Department of Biomedical Informatics, Vanderbilt University Medical Center, Nashville, TN, USA.
Department of Biomedical Informatics, Vanderbilt University Medical Center, Nashville, TN, USA.
Am J Hum Genet. 2023 Sep 7;110(9):1522-1533. doi: 10.1016/j.ajhg.2023.07.012. Epub 2023 Aug 21.
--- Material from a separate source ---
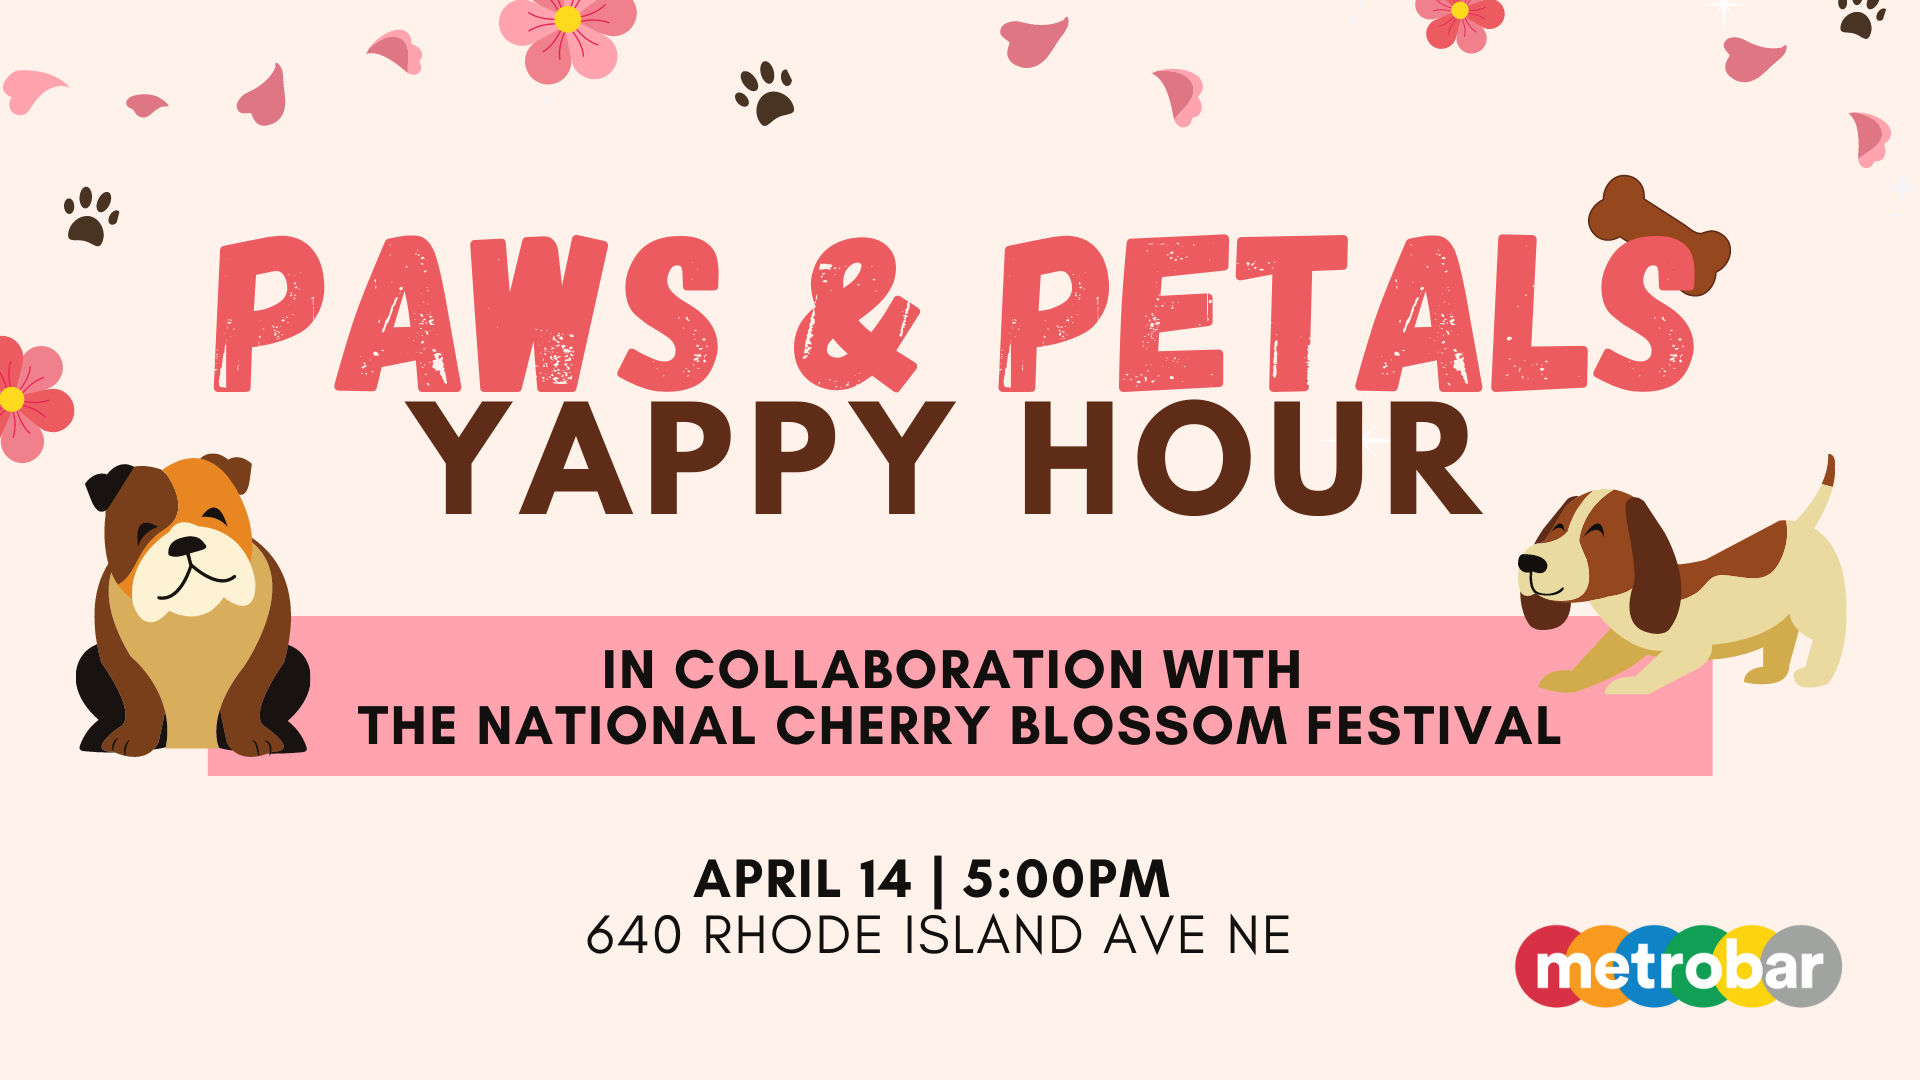 Paws & Petals Yappy Hour

Population-scale biobanks linked to electronic health record data provide vast opportunities to extend our knowledge of human genetics and discover new phenotype-genotype associations. Given their dense phenotype data, biobanks can also facilitate replication studies on a phenome-wide scale. Here, we introduce the phenotype-genotype reference map (PGRM), a set of 5,879 genetic associations from 523 GWAS publications that can be used for high-throughput replication experiments. PGRM phenotypes are standardized as phecodes, ensuring interoperability between biobanks. We applied the PGRM to five ancestry-specific cohorts from four independent biobanks and found evidence of robust replications across a wide array of phenotypes. We show how the PGRM can be used to detect data corruption and to empirically assess parameters for phenome-wide studies. Finally, we use the PGRM to explore factors associated with replicability of GWAS results.
人群规模的生物银行与电子健康记录数据相结合,为扩展人类遗传学知识和发现新的表型-基因型关联提供了巨大的机会。鉴于它们密集的表型数据,生物银行还可以促进在全表型范围内进行复制研究。在这里,我们介绍表型-基因型参考图谱(PGRM),这是一套来自 523 项 GWAS 出版物的 5879 个遗传关联,可以用于高通量复制实验。PGRM 表型被标准化为 phecode,确保了生物库之间的互操作性。我们将 PGRM 应用于来自四个独立生物库的五个特定祖先的队列中,发现了广泛表型中稳健复制的证据。我们展示了如何使用 PGRM 来检测数据损坏,并对全表型研究的参数进行实证评估。最后,我们使用 PGRM 来探索与 GWAS 结果可重复性相关的因素。